The spontaneous AID^R112H mouse model described in this article shares many similarities with aicda^−/− mice described by Muramatsu et al. (14), as well as the human HIGM syndrome caused by mutations in AICDA that was identified by Revy et al. (13). They all have abolished in vitro Ig class switching, expansion of peripheral B cells, and large GCs. An important advantage of the AID^R112H mouse is that AID is expressed normally, allowing for evaluation of its posttranslational regulation. Moreover, the AID^R112H protein translocated to the nucleus and bound to the Sμ region, albeit with decreased efficiency. Possible reasons for this are deficient interactions with proteins important for targeting of AID to the S regions or a poor binding capacity of AID^R112H to S regions.

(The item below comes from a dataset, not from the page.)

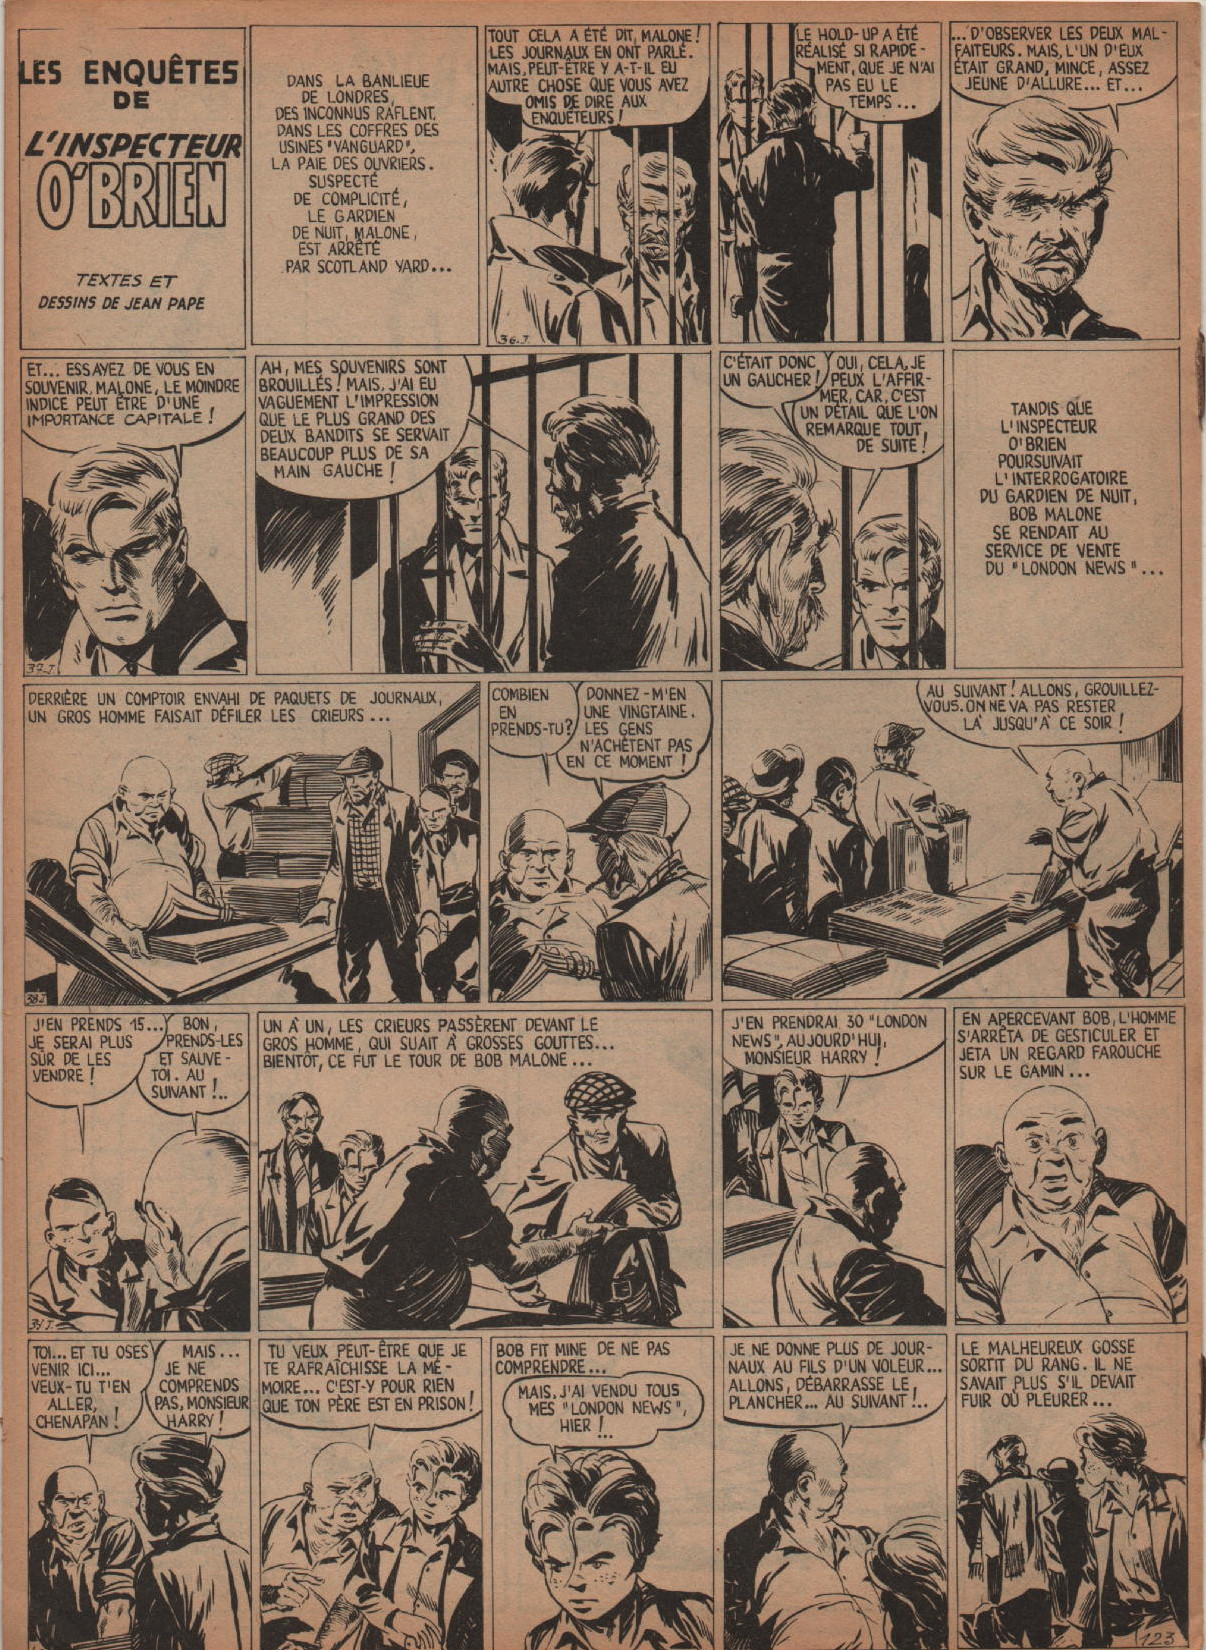 « Les Enquêtes du sergent O’Brien » : L’Invincible n° 123 (1° trimestre 1955).

Although recent studies, to some extent, defined the requirements for GC selection of B cells and showed that GC B cells compete for help from T follicular helper cells (22), the exact cues that make B cells leave the GC remain unknown. It was suggested that aicda^−/− mice have larger than normal GCs because of decreased apoptosis (23). Why B cells without functional AID accumulate and/or fail to leave the GCs remains to be addressed.

A recent study examined the potential role of AID as an epigenetic eraser and transcriptional regulator (24). The investigators found that the identified alterations in the transcription profile potentially were not related to the aicda^−/− genotype but instead to a region surrounding the targeted aicda locus originating from the founding CBA mouse strain. Therefore, care should be taken when interpreting aicda^−/− correlated phenotypes. The AID^R112H mouse strain described in this study could become a valuable tool in the study of AID function, as well as a model for the human HIGM syndrome.

Disclosures

The authors have no financial conflicts of interest.